3. GRIBs are of course useful. If you use software
such as zygrib, download the latest GRIBs for your cruising area of Ko Chang, Ko Mak et al. Make sure to configure zygrib or the GRIB viewer of your choice to see CAPE (Convective Available Potential Energy) and CIN (Convective INhibition) forecasts. If CAPE is >1.5 kJ/kg, expect updrafts (as explained above) with squalls, rain etc. If CIN is > 200 J/kg, a capping layer may counter the updraft effect. If CIN is < 50 J/kg and CAPE is > 1.5 kJ/kg, then reef early and set your anchor
4. At latitude 12 degrees N (i.e. Ko Chang et al) don't waste your time looking at sea level pressure synoptic charts
. Synoptic charts and the associated rules of thumb (Buys Ballot and so on about Lows on your Left) that are fine in temperate latitudes are not worth much in the tropics.

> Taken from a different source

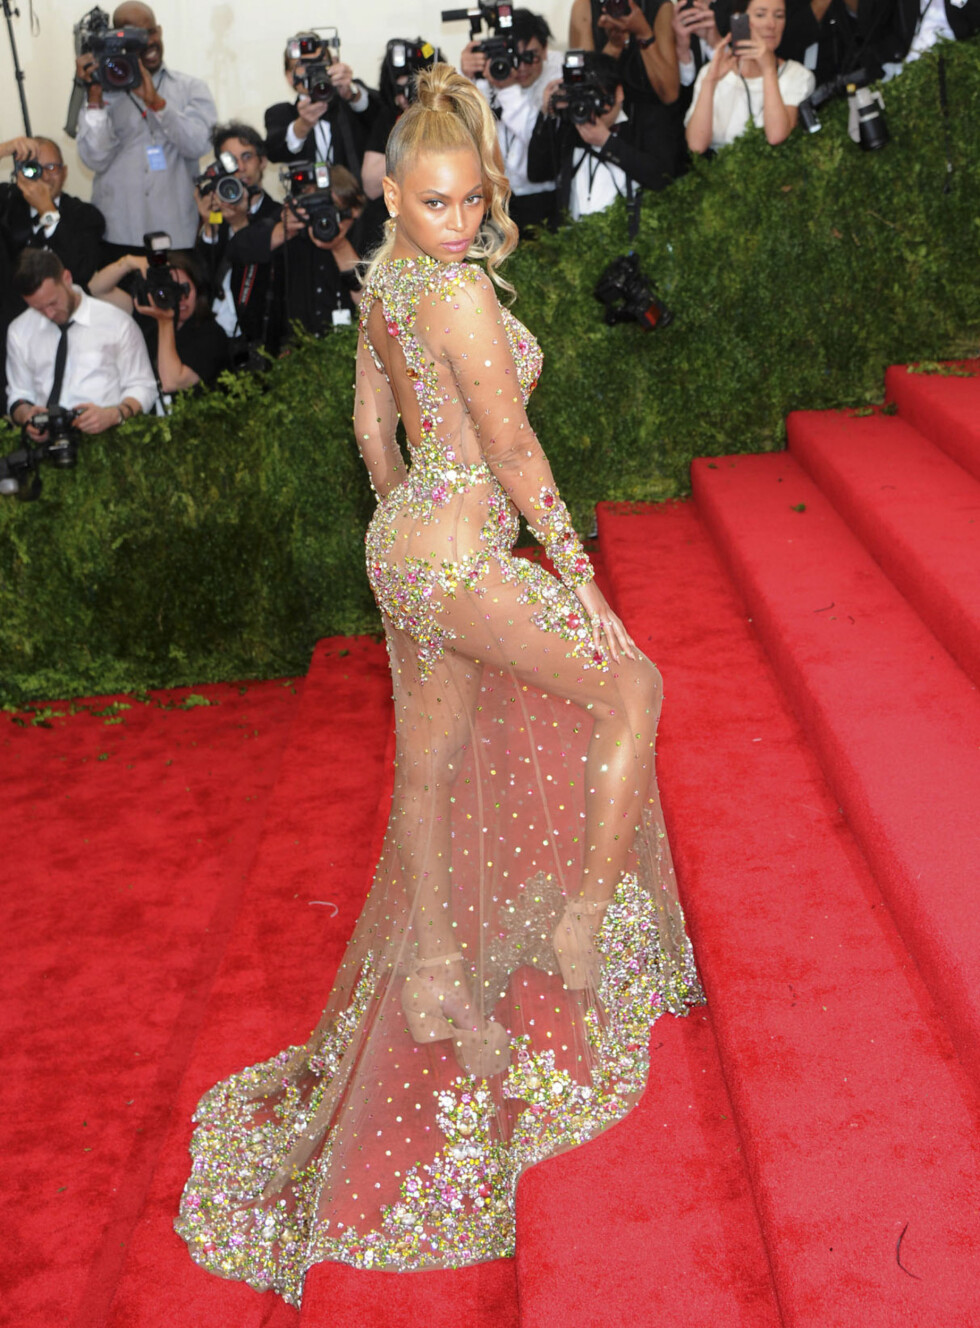 POSERER: Beyoncé fotografert under The Met Gala i New York i 2015. Foto: NTB Scanpix

Instead of synoptic charts (with isobars of sea level atmospheric pressure), in the tropics streamline charts are the more useful tool. The US Navy
Fleet Numeric Ops Center has a neat website that delivers great forecasts into the near future. But the easy choice for the Gulf of Thailand (remember to pronounce it ThaiLand, with the capital letters being point of pronunciation emphasis), is the daily Regional Weather Chart issued each afternoon from the Singapore
Agency. See: Singapore Weather Information Portal - Regional Weather Chart
The lines are surface streamlines (i.e. the direction of wind
at 10 metres above sea level, which will be close to the metacentre of your sailplan). At selected points you'll see a wind
barb (the usual deal, a half fleche for 5 knots, a full fleche for 10 knots), the expected temperature in Celsius, and an icon for expected weather conditions (a black dot for overcast, a white dot for clear sky, etc).
Of course, around Ko Chang, Ko Mak etc, you'll have other local conditions (island effect wind conditions, sea breeze etc) so don't expect any general prediction to be accurate at micro levels.